Date: Sat, 1 Sep 2001 19:58:33 GMT
Reply-To: Xlr82sas <xlr82sas@AOL.COM>
Sender: "SAS(r) Discussion" <SAS-L@LISTSERV.UGA.EDU>
From: Xlr82sas <xlr82sas@AOL.COM>
Organization: AOL http://www.aol.com
Subject: Re: Cooperative work on 2000 Census data
Thanks. I will order the SSU proceedings.
You might want to visit my site, members.aol.com/xlr82sas/utl.html. I posted
some code which defines column names and labels for the 39 segments used in the
detailed data. The code builds SAS tables automatically from the meta data.
I use the data for customer relationship modelling (CRM). We help companies
understand their customers. We also build predictive models for customer
I have added zip+4 and census 1990 geocodes to the ethnic redistricting Census
data. I have used these counts in several customer behavior models.
Census 2000 provided better predictors than the 1990 Census data, significantly
reducing the sum of squares error. (comparing the two models)
I am combining all states into one SAS table, the QC is very time consuming.
( This will reduce the 2080 (40x52 States) Census 2000 zip files into 40 SAS
tables - 50Gb total with compress=binary??)
I hope to end up with a simple star schema of about 6 tables. I expect to
drop about 2/3 of the columns and half the rows?? For instance: tree race
counts like Asian, African American and Alaskan Natives could be dropped since
the coverage is very low.
This may be of help, to all that are compiling the detailed data.

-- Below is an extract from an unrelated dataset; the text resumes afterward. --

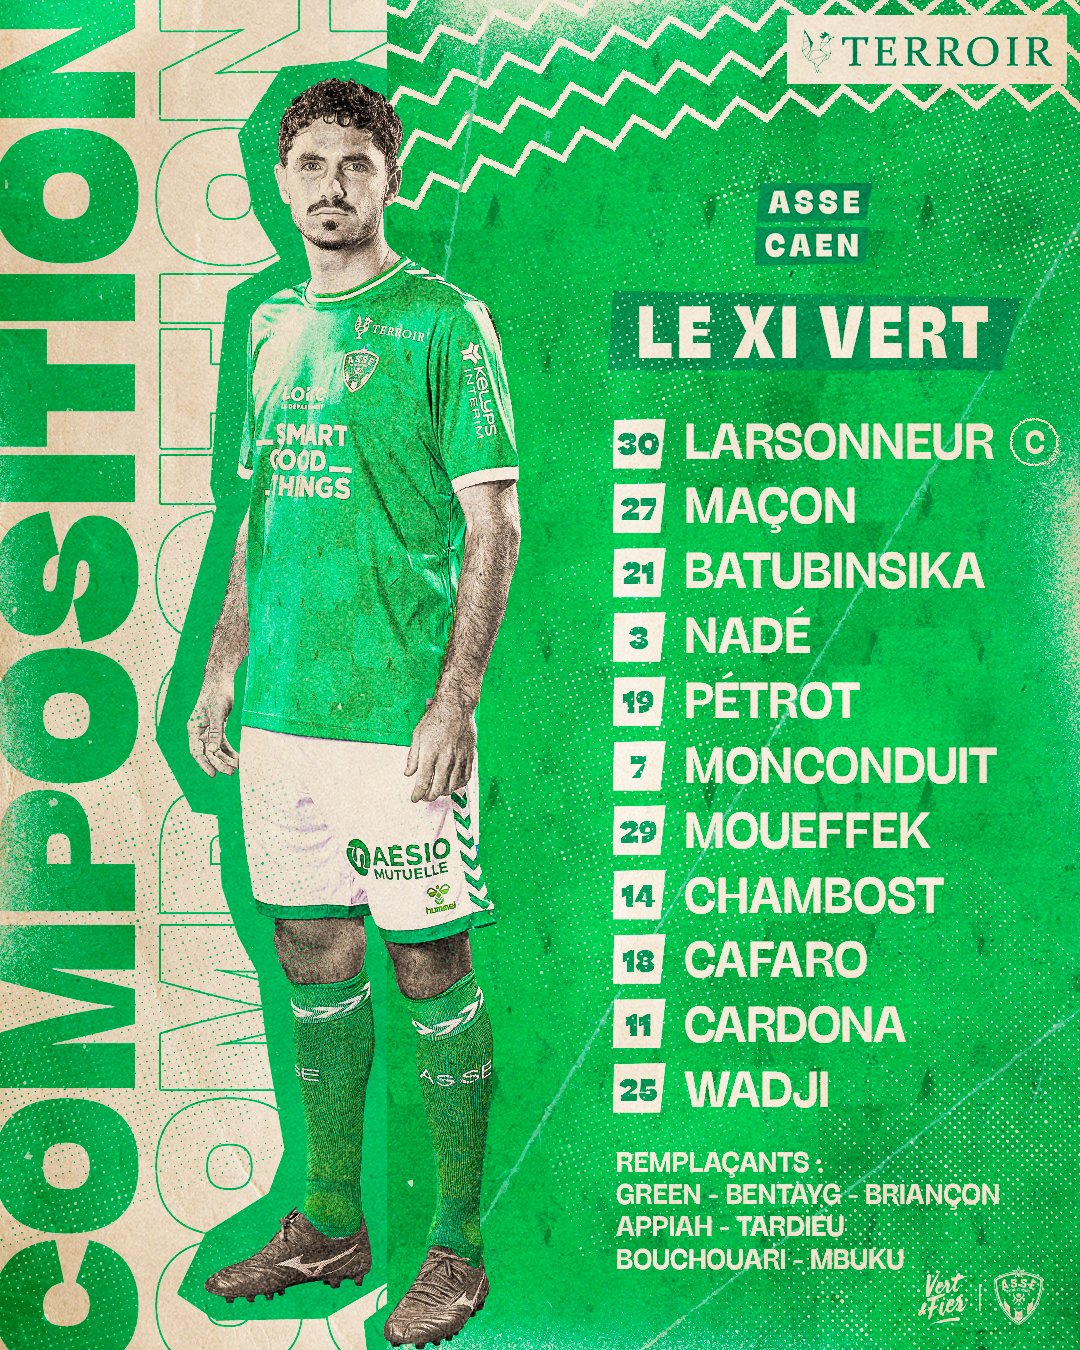 ASSE- CAEN - Page 2 GMK2LREW0AAAVZ9?format=jpg&name=large

Any independent confirmation is welcome.
Segment One (52 States/Puerto Rico/DC) of the SF1 data has 9,541,315 records
This count should match the Geographic Headers and about 8 other segments
All other segments appear to contain 724,015 records.
For segment one.
I have record counts by state, in a SAS table.
I have Column max, mins and sums by state and overall, in a SAS table.
The data appears quite clean, so far.
Roger J DeAngelis
XLR82SAS@aol.com ( Accelerate to SAS )